Понятно, как я был поражен этой неожиданной незадачей. Что делать? Досыта наглядевшись, как блохи едят лен, я побежал домой.
- Ну, Авдотья, пропал наш лен.
- Помилуй, господи!
- Да. Уж я тебе говорю, что пропал. Где Иван? Авдотья испугалась; она подумала, что ее муж, староста Иван, что-нибудь не подладил.
Отыскав Ивана, я, ни слова не говоря, повел его в поле ко льну.
- Видишь? Что это такое?
Иван сначала не мог понять, о чем я его спрашиваю. Я показал ему на блоху.

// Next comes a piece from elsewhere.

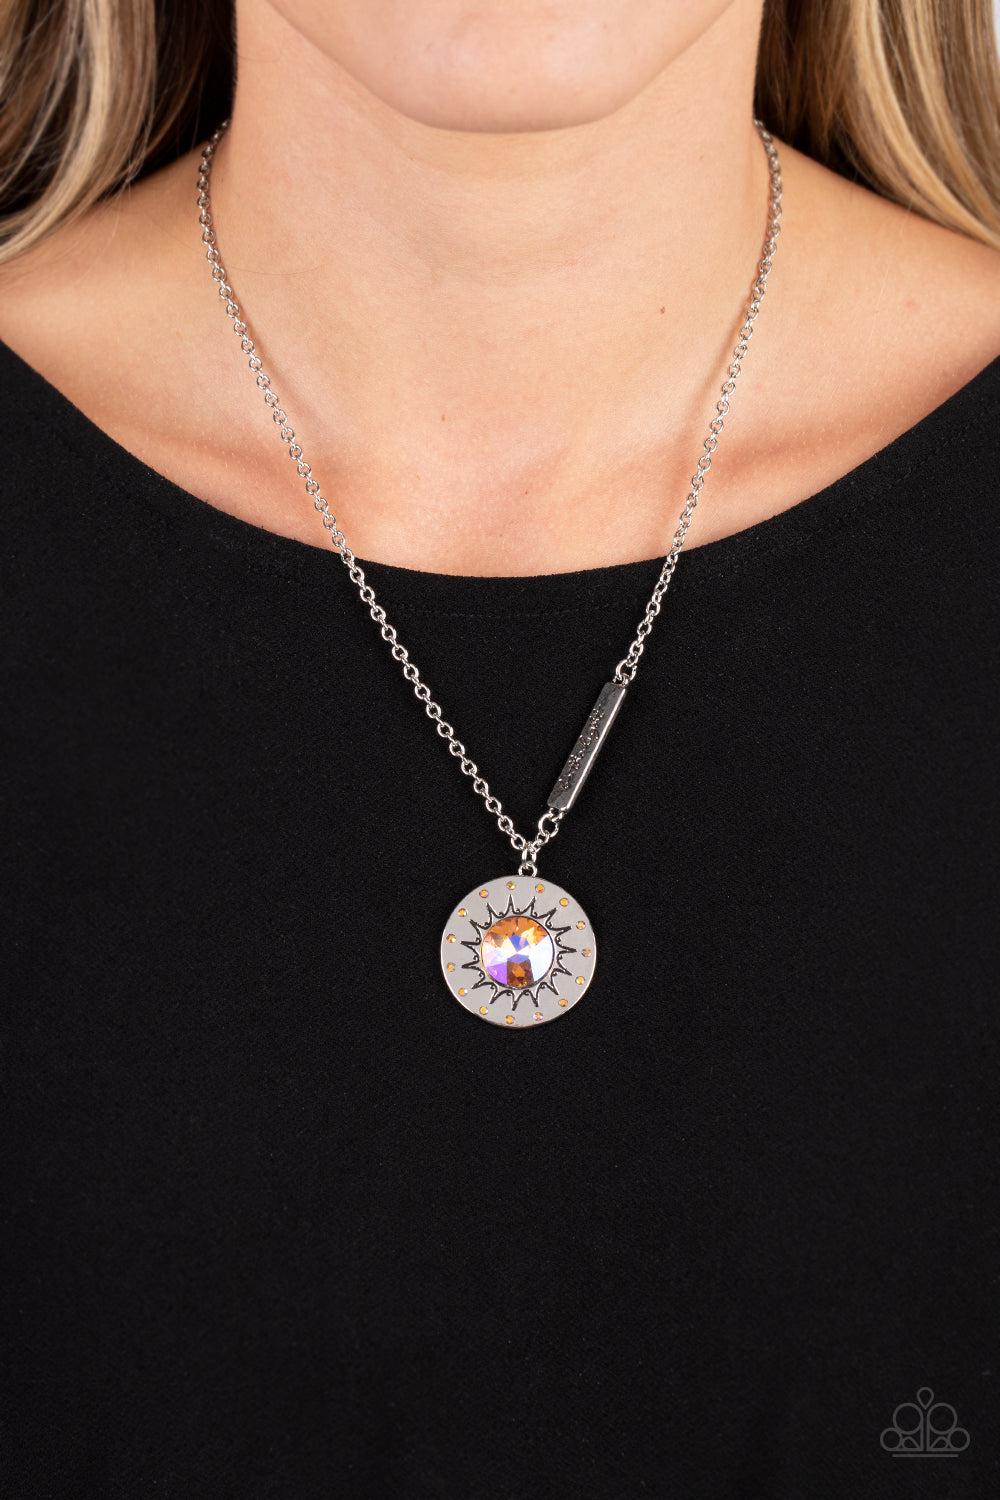 Sundial Dance Orange Inspirational Necklace - Paparazzi Accessories- lightbox - CarasShop.com - $5 Jewelry by Cara Jewels

- Вижу, теперь вижу, козявочки сидят.
- Да, козявочки, а видишь ли ты, что козявочки эти едят лен? Иван усомнился; но, рассмотрев внимательнее, и он согласился, что действительно козявочки точат листики на льне.
- Это ничего.
- Как ничего? Да разве ты не видишь, что едят? ну, и съедят все. Пропадет наш лен.
- Крый Господи! Зачем?
- Как зачем? Да, так, что объедят все, и ничего не останется - вот тебе и лен. Ведь репу в прошедшем году всю съели.
- То репа, - репу всегда объедает, а на льне никогда этого не бывало; сколько льнов ни сеял, никогда не бывало.
- Мало ли что не бывало, а, может быть, и бывало, да вы не замечали.
- Разве что!
Иван, однако, на этот раз не убедился, что блоха действительно может съесть лен. "Такое козявочки - мало ли их летом бывает".
В этот день я раз десять бегал смотреть лен - точат.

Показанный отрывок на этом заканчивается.